On Sunday, in prime "business time" for General Synod, the electronic clickers that were to serve our discernment on important issues malfunctioned. In that space, a person rose to ask that the body utilize private ballots for two key votes -- the election of the General Minister and President and the Bylaws/Constitution revision.
For me, the use of electronic clickers has always been problematic and this request to target certain votes for private contemplation even more so. If we are about seeking the will of the spirit, which is true congregational polity rather than democratic practice, then both clickers and private paper ballots should be set aside for voice vote, embodied expression and open process!

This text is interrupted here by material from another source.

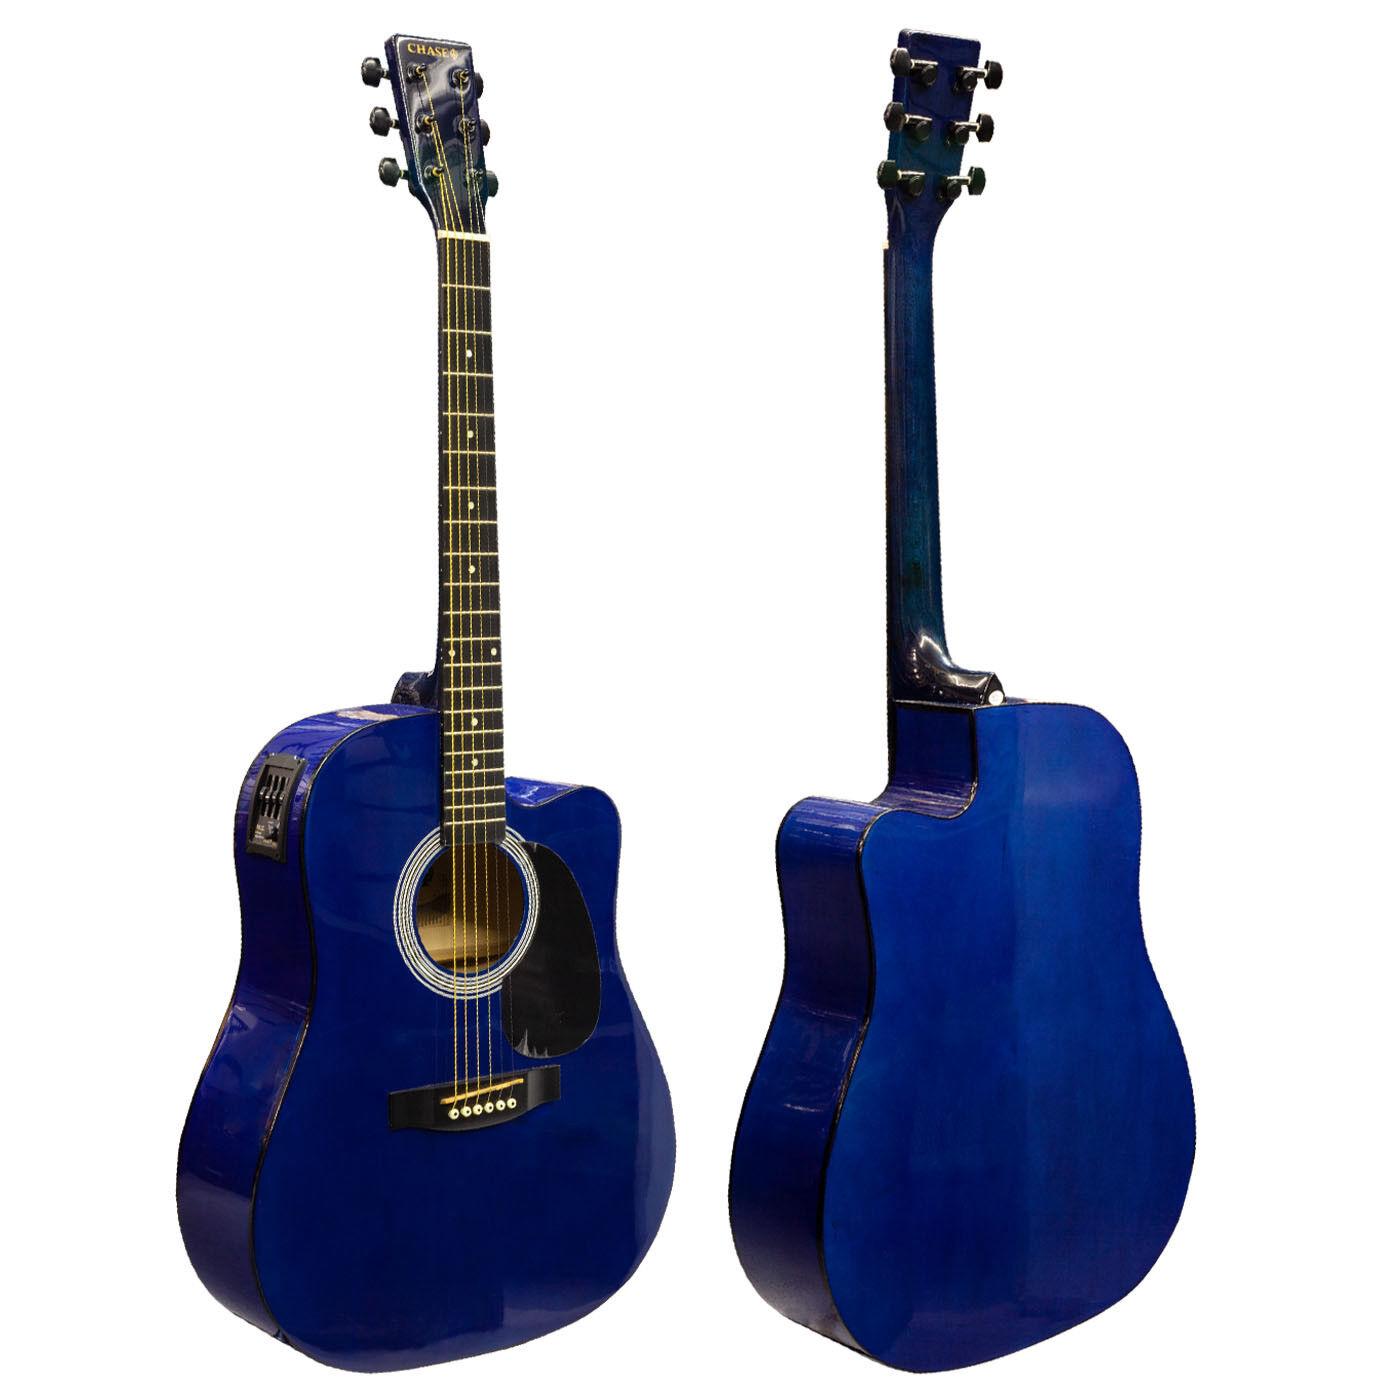 Chase SW203CETB Blau Dreadnought Electro Acoustic Guitar Cutaway Steel Strings c

In our local churches, private paper ballots are often suggested for big votes, like taking an ONA stance or calling a pastor. As Conference staff, we often discourage this practice because it encourages suspicion rather than trust and deprives the community from practicing true discernment. When we are not willing to be seen or give voice to our prayerful thoughts near our neighbor, we withdraw from being conversation partners to acting in silos.
If we are serious about being a church on the forefront of justice and multiculturalism, we must create communities that can speak openly and respectfully even when we disagree. Sometimes we need to risk taking a visible stand for the greater good. One of the most spirit-filled moments I have experienced in the UCC was the silent prayer before the marriage equality vote at the General Synod in 2005. After that prayer and the call for discernment, a powerful image remains in my heart -- raised paper voting cards that moved us to speak to our churches and to society in a prophetic way. Praise God for where we stand today after that vote -- a visible vote and stand, that while not unanimous, was exercised in prayerful reflection and seeking the Spirit's movement. Communal discernment is our gift to the church and it is best exercised in the open.